Complexity due to unnecessary subset additions, or mooting, or future- proofing, is therefore not welcome, all else equal -- IMHO.
and too many subsets make a mess of the spec and its implementation.
Agreed. Let's continue to try to reconcile "strict" and "cautious". And let's avoid adding any more choices to the menu in the ES3.1/ES4 timeframe.
I agree completely -- good to read this.
What users -- as opposed to es3.x-discuss participants who may have different and seemingly contradictory goals -- have asked for these subsets?
To my ears, I've been quite amazed at how convergent our thinking has been on these matters. What disagreements and contradictions do you see among the es3.x-discuss participants?
I was quoting Allen there. He wrote (two messages up on this thread):
"This is an interesting exercise because I'm trying to find a path
that is tolerable for a number of different individuals who seem to
have different and sometimes seemingly contradictory goals: ...." I
didn't think he was writing only about ES4 participants. Among ES3
participants, is there strong agreement on disabling automatic
semicolon insertion in 3.1's strict mode?

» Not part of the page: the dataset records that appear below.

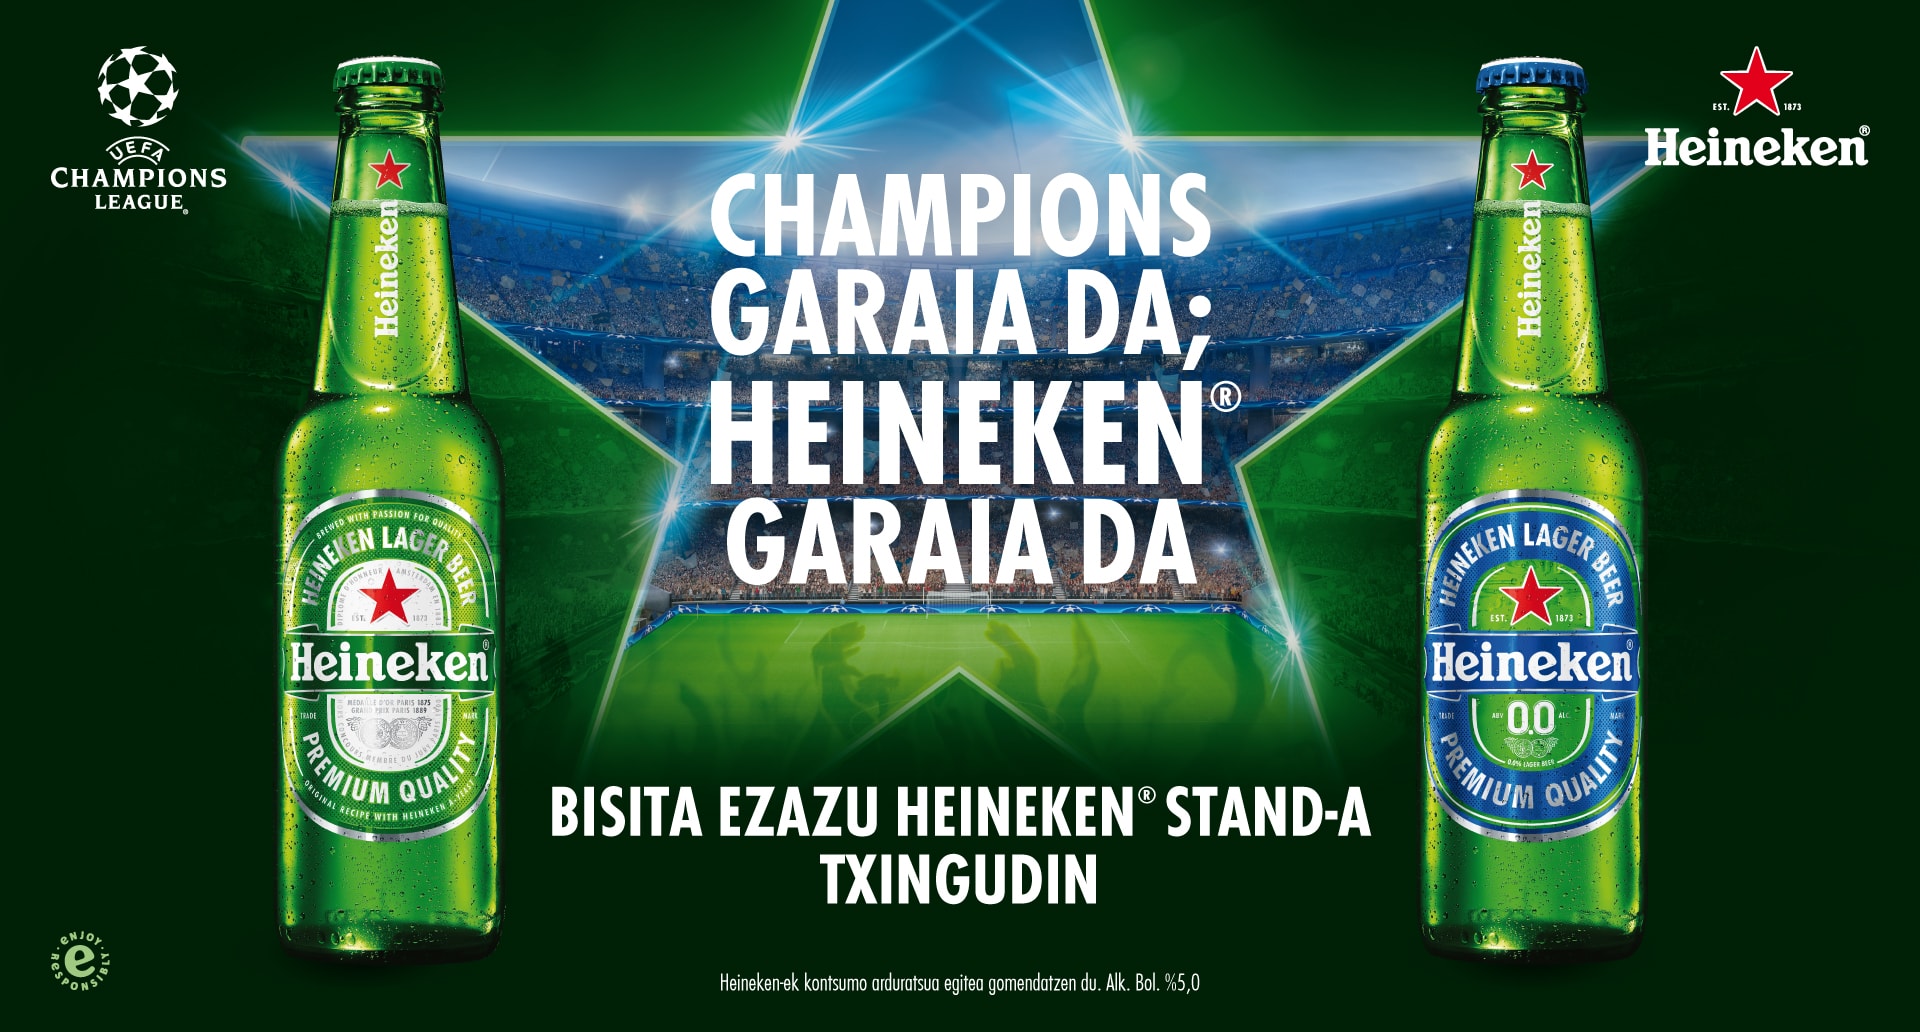 Champions garaia da; Heineken garaia da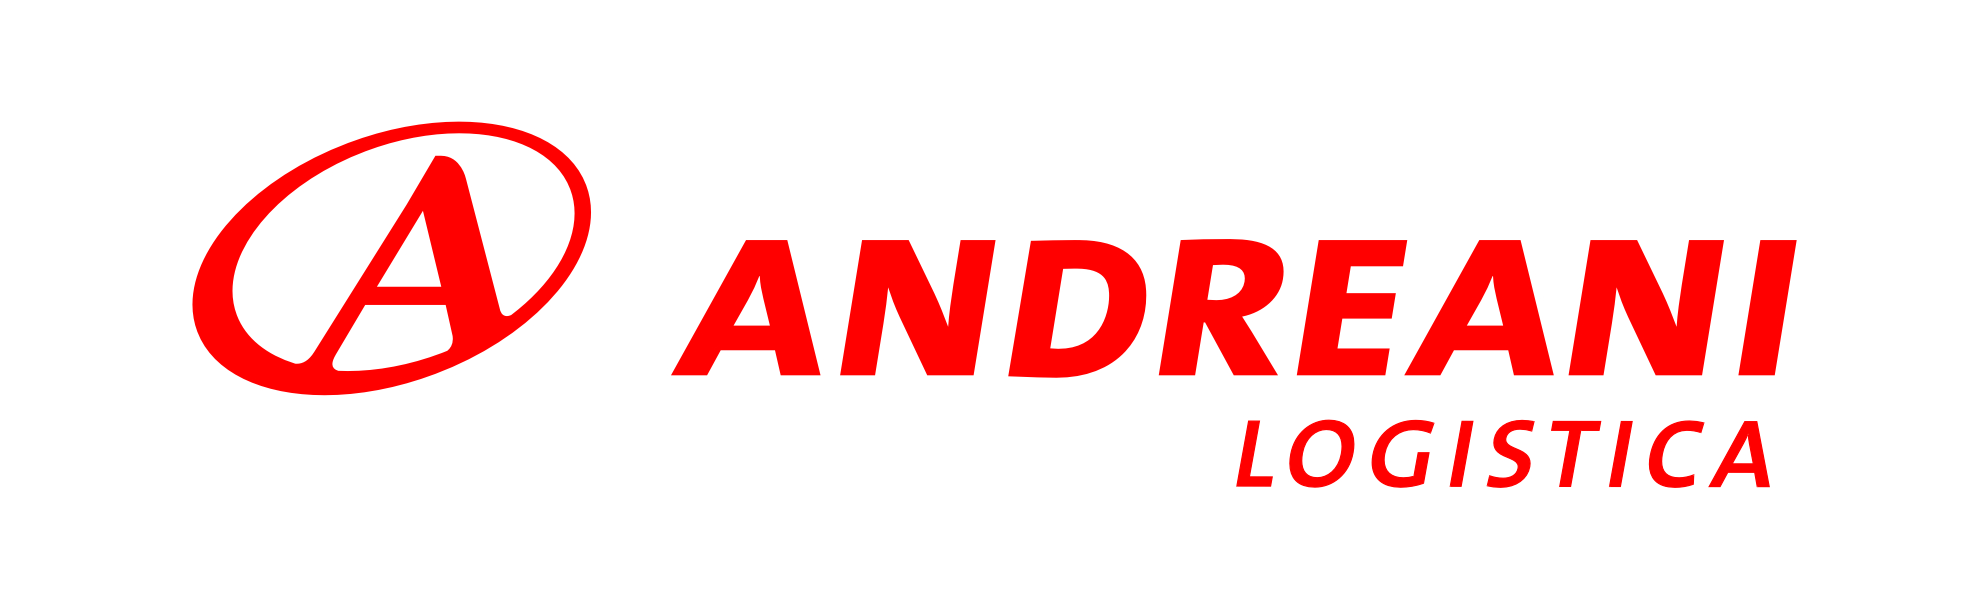 Andreani Logo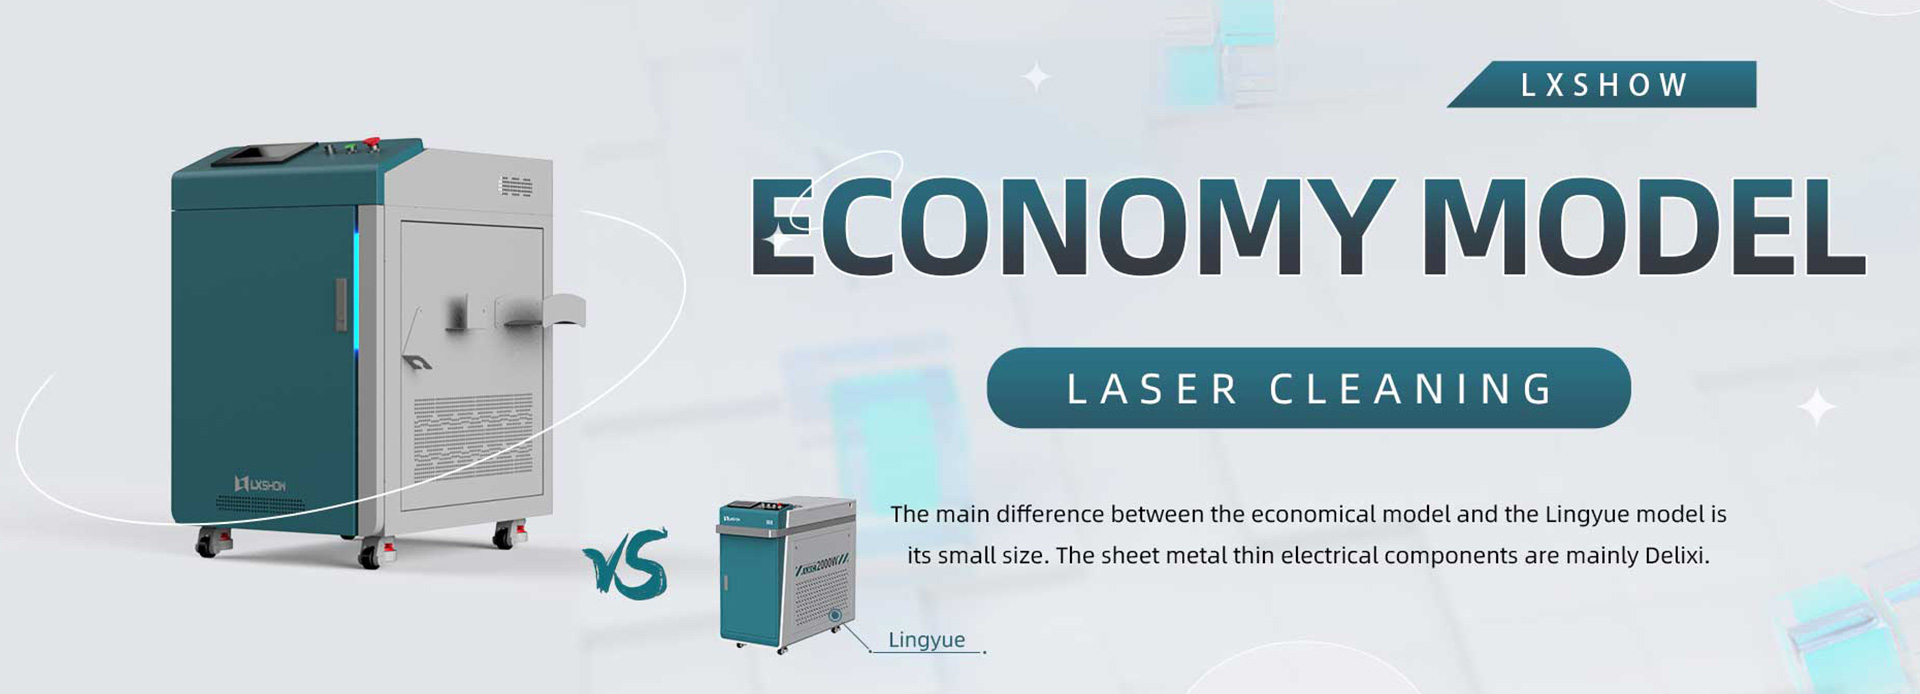 Máy làm sạch bằng laser kiểu kinh tế được thiết kế mới với giá rẻ để loại bỏ rỉ sét sơn kim loại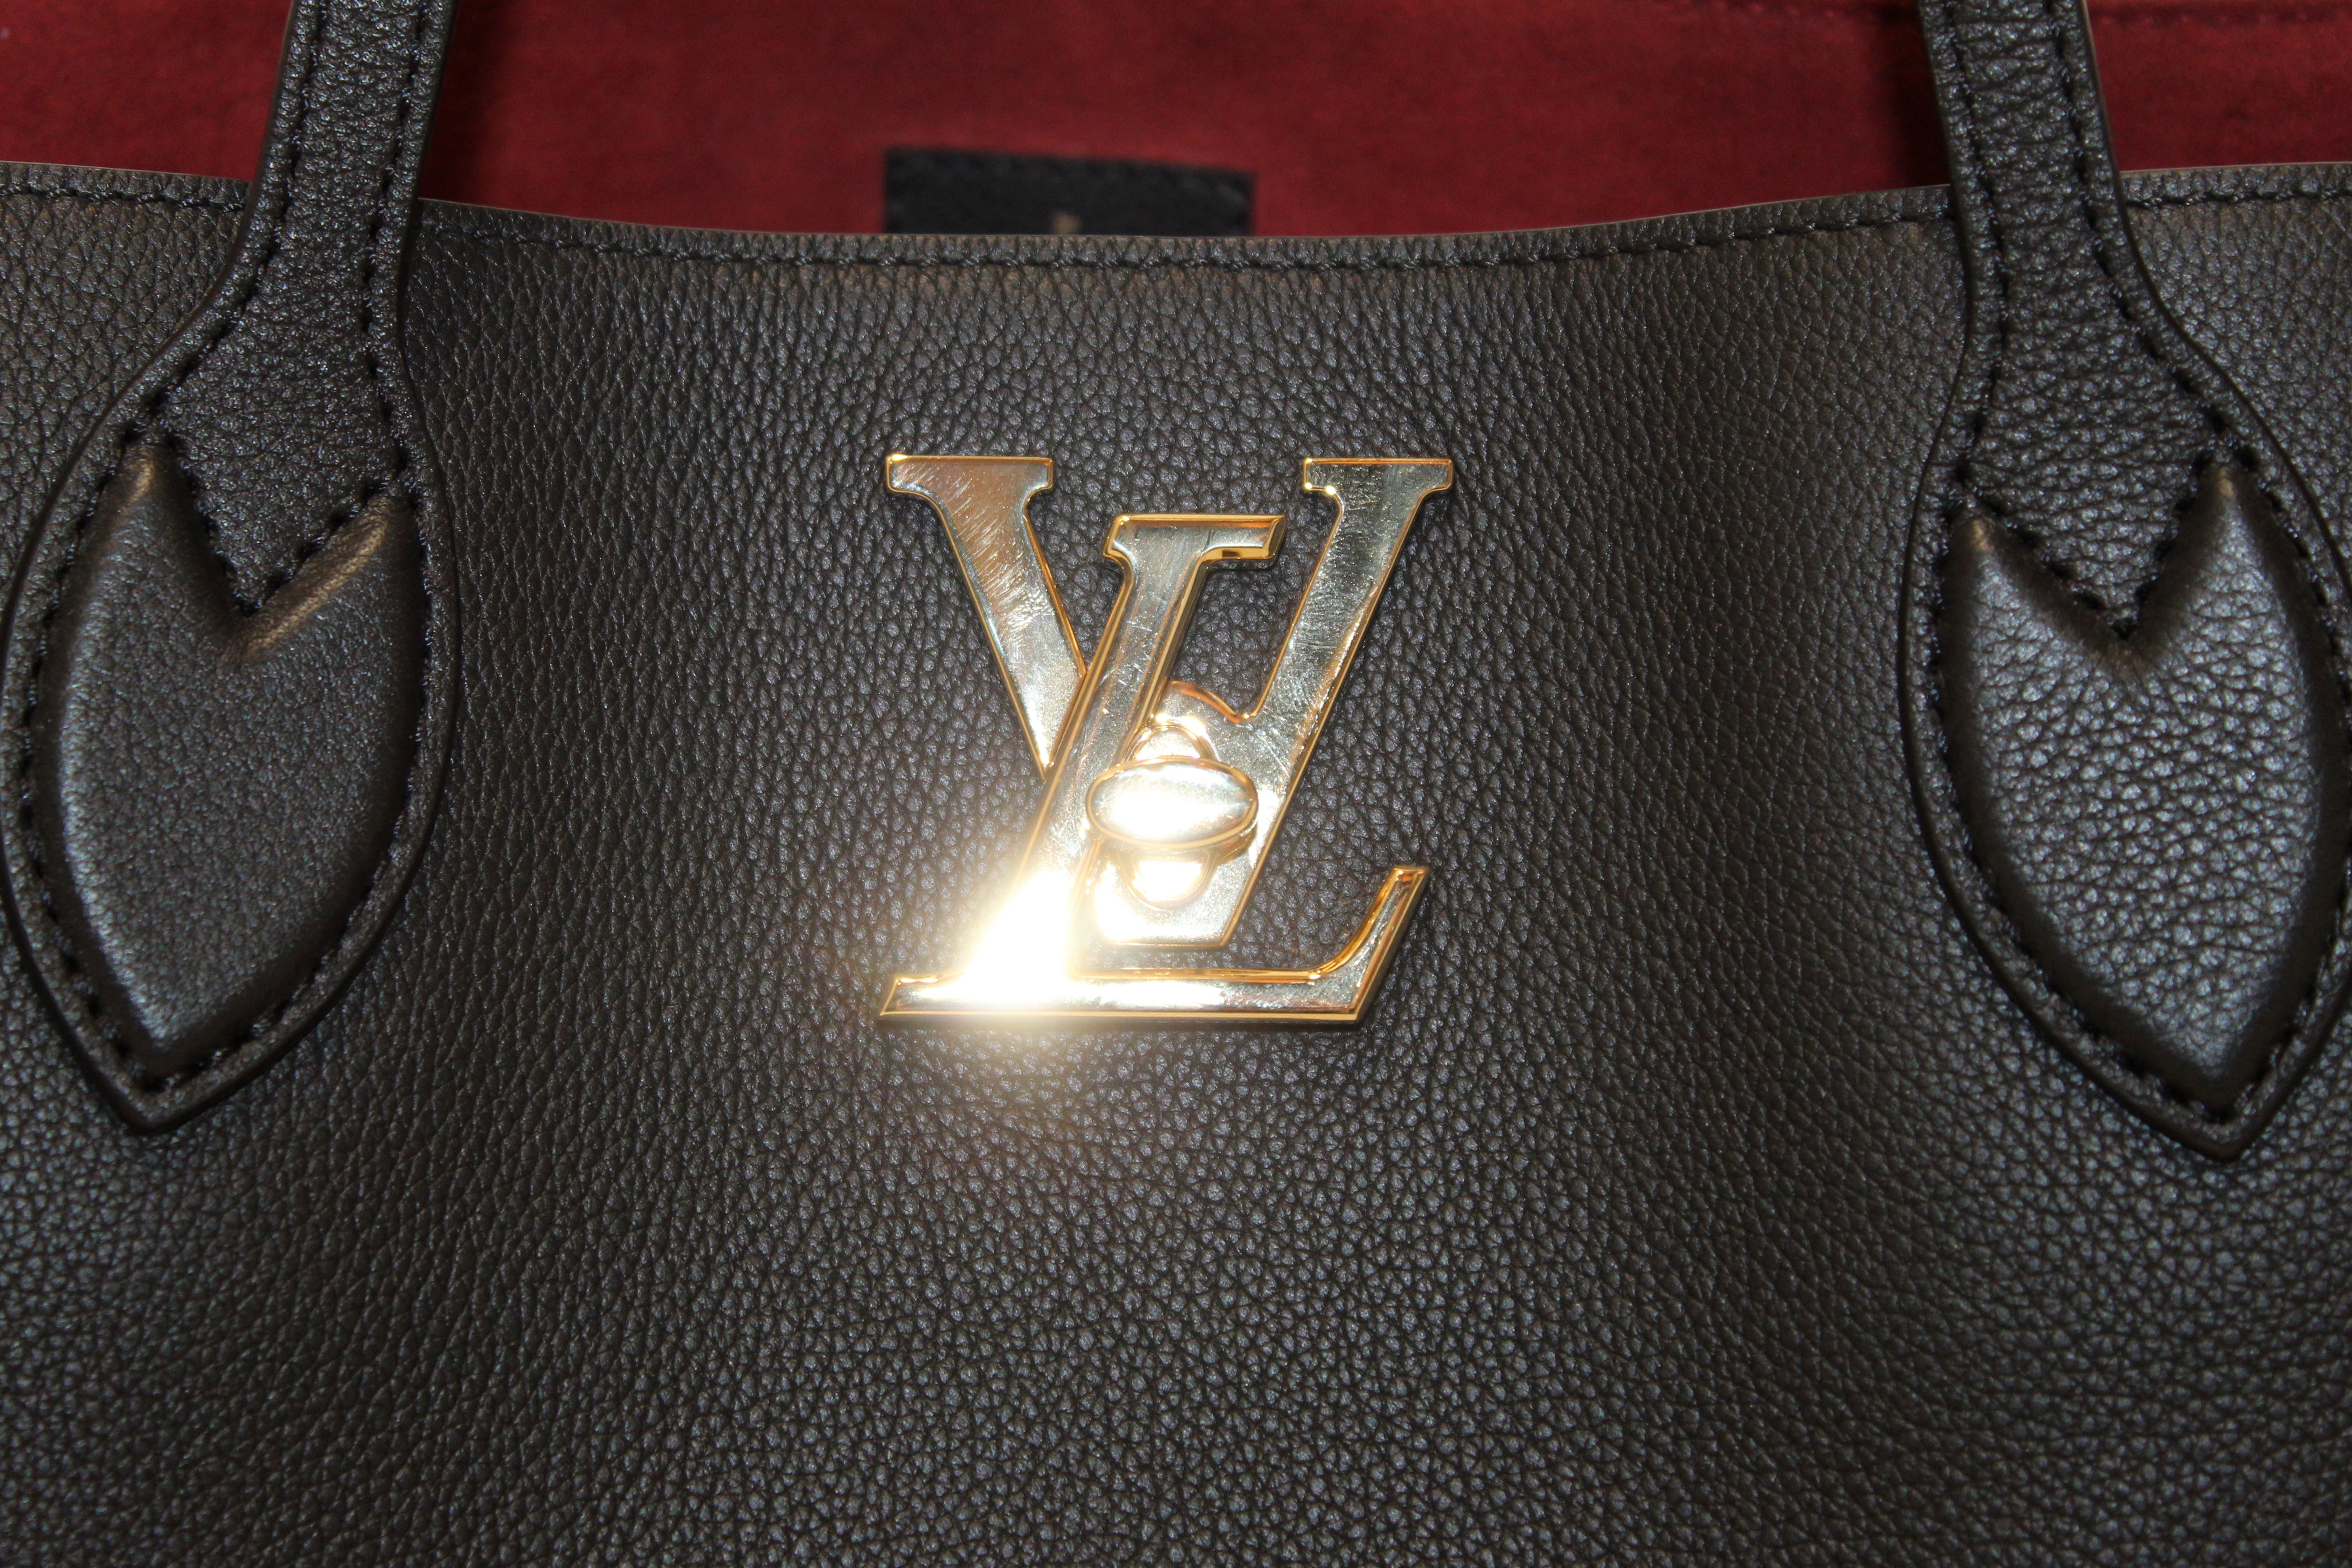 Authentic Louis Vuitton Black Grained Calf Leather Lockme Go Shopper T –  Paris Station Shop

This is a recipe for testing costs driving everyone away from all but one mode, probably the one that's web-compatible.
Anyone interested in software quality is horrified by the current state of JavaScript, and should welcome the constraints enforced by a strict or cautious subset.
I hope we can standardize a strict mode that increases software
quality. That's why I'm concerned, along with Lars, about strict mode
ruling out syntax (such as automatic semicolon insertion) that much
JS on the web relies on without noticeable quality problems. We want
a strict mode that will be both useful and usable at low incremental
('use strict' per block or script) cost.
BTW, we've had arguments in the past with Ajax library authors, who
write high quality code, about things like Firefox 1's "deprecated
with" warnings. Not everyone agrees with your idea of what is
horrible, and observed software quality problems do not correlate so
clearly to all those 3.1-unstrict bĂȘtes noires.
[+es4-discuss]
On Mon, Jun 30, 2008 at 7:37 PM, Maciej Stachowiak <mjs at apple.com> wrote:
Whether or not it's a good idea, given "use subset JSON" as a recognized/enforced subset directive, one could trivially implement JSON.stringify(str) in terms of
I think I agree. In any case, I agree that JSON is not by itself a compelling case for "use subset X". My point is only that JSON is a huge counter-example to Brendan's statement that "profiled (subsetted) standards are meaningless to harmful on the web". JSON was defined as an enforced subset of JavaScript, and it has been extraordinarily helpful to the web.